Working with getting the measurements and cutting right. The back piece curves back behind the hutch to give it more width. Whoever invented nylon zip ties gets a cookie because trying to do everything without someone to help hold and position for you is an absolute pain.

















Kind of a big jump here. Sanded down the old finish to the best of my ability and used an all natural non toxic zero VOC paint that's safe enough for infants. My tiel doesn't really chew anything except for paper products and straw, so not too worried about painting it. Put in the plexiglas, perches, toys. I need to do some branch scavenging for some new perches and climbing areas.

















_To do:
- Finish painting the drawers and bottom area
- Put in rails under the grate for the plastic drop tray
- Wait for the full spectrum light to ship and install it 
- Probably remove one of the shelves and side mount a grapevine perch
- Drill in some steel rings to hang more birdy goodies
- Put in cockatiel 
_


________
FISTING VIDEO


----------



## sweetrsue (Jul 8, 2008)

That look great. Good solution to the shallowness of the cabinet! I know what you mean about trying to do it all yourself. I had no help at all building the aviary. It took me a month.
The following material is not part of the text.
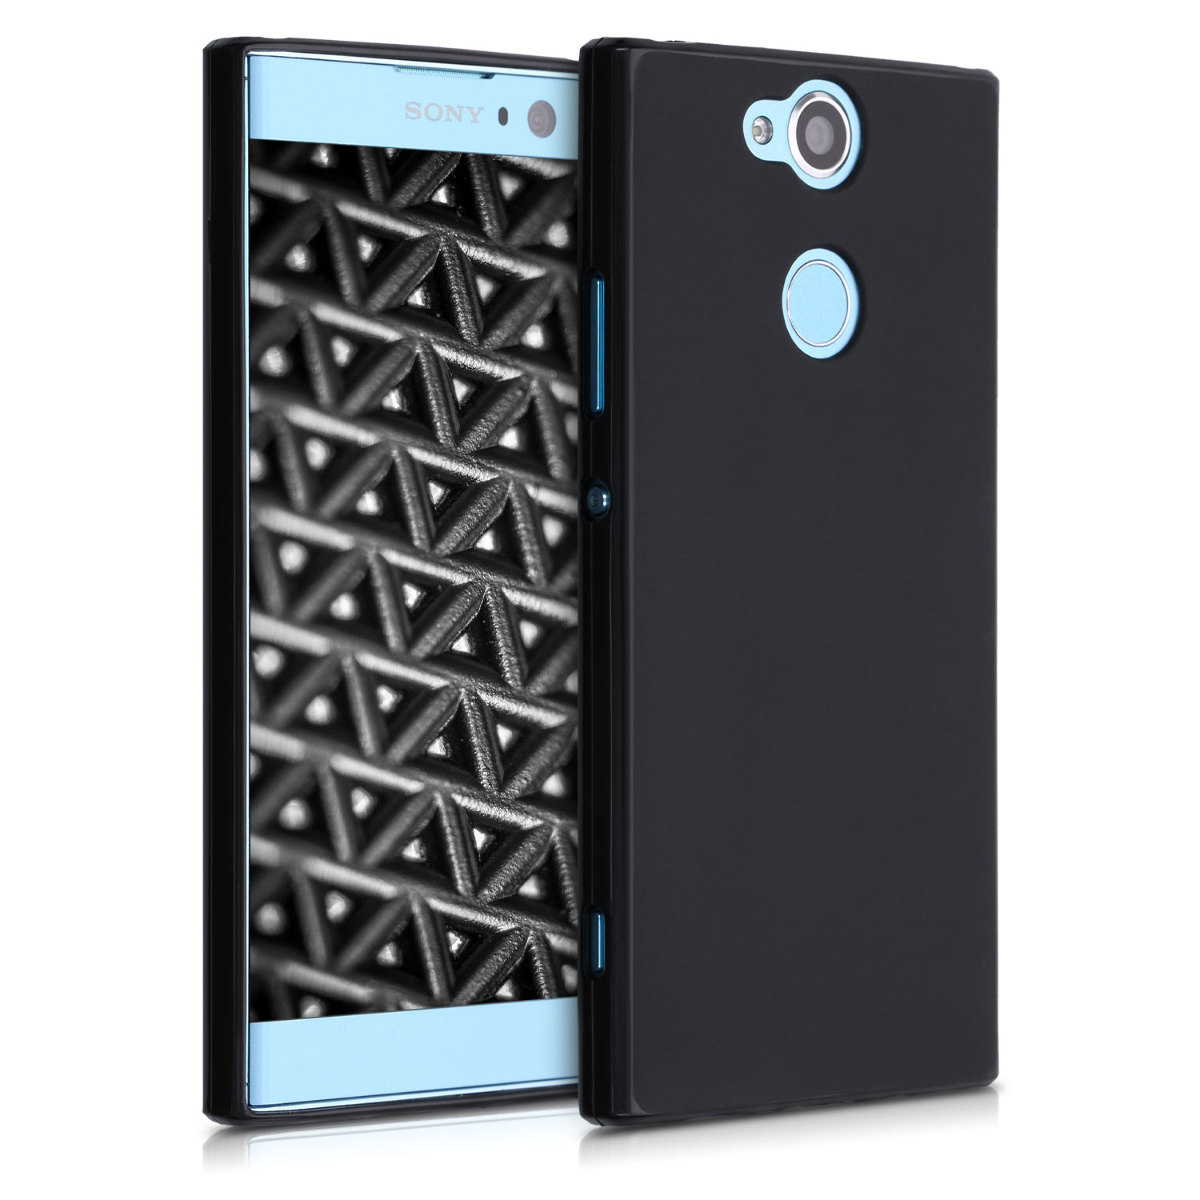 Kvalitní silikonové TPU pouzdro | obal pro Sony Xperia XA2 - černé matné

I wish I had thought of zip ties!


----------



## Sophia (Aug 11, 2007)

Wow, it looks great!  I bet they will love it in there once it is all finished!  I love it!


----------



## Bea (Jul 26, 2007)

WOW!! You did an incredible job on that!  It looks great.


----------



## kimmikefids (Aug 2, 2008)

it does look awesome!! well done...u should be very proud of urself!!!


----------



## huskymom (Jan 17, 2008)

amazing!!... now that´s another idea I want to try... 

very very nice job!!


----------



## riverdog (Jun 23, 2008)

Very nice job....

I am currently working on an T.V. cabinet / birdcage

When finished it will be 59" in height 29" wide and 24" deep

It willl house all 3 of our tiels

I hope to have some pictures up soon!!


----------



## sweetrsue (Jul 8, 2008)

Too bad it couldn't be 59" wide and 29" high. They might actually get a little flight going.


----------



## Tike2 (Jun 16, 2008)

Looks great. A lot of work.. but worth it in the end. Will be anxious to see it completed.


----------



## Katta (Mar 21, 2008)

Not totally done yet but the tiel has moved in and claimed his territory haha. I let him play around because new toys have been in there teasing him.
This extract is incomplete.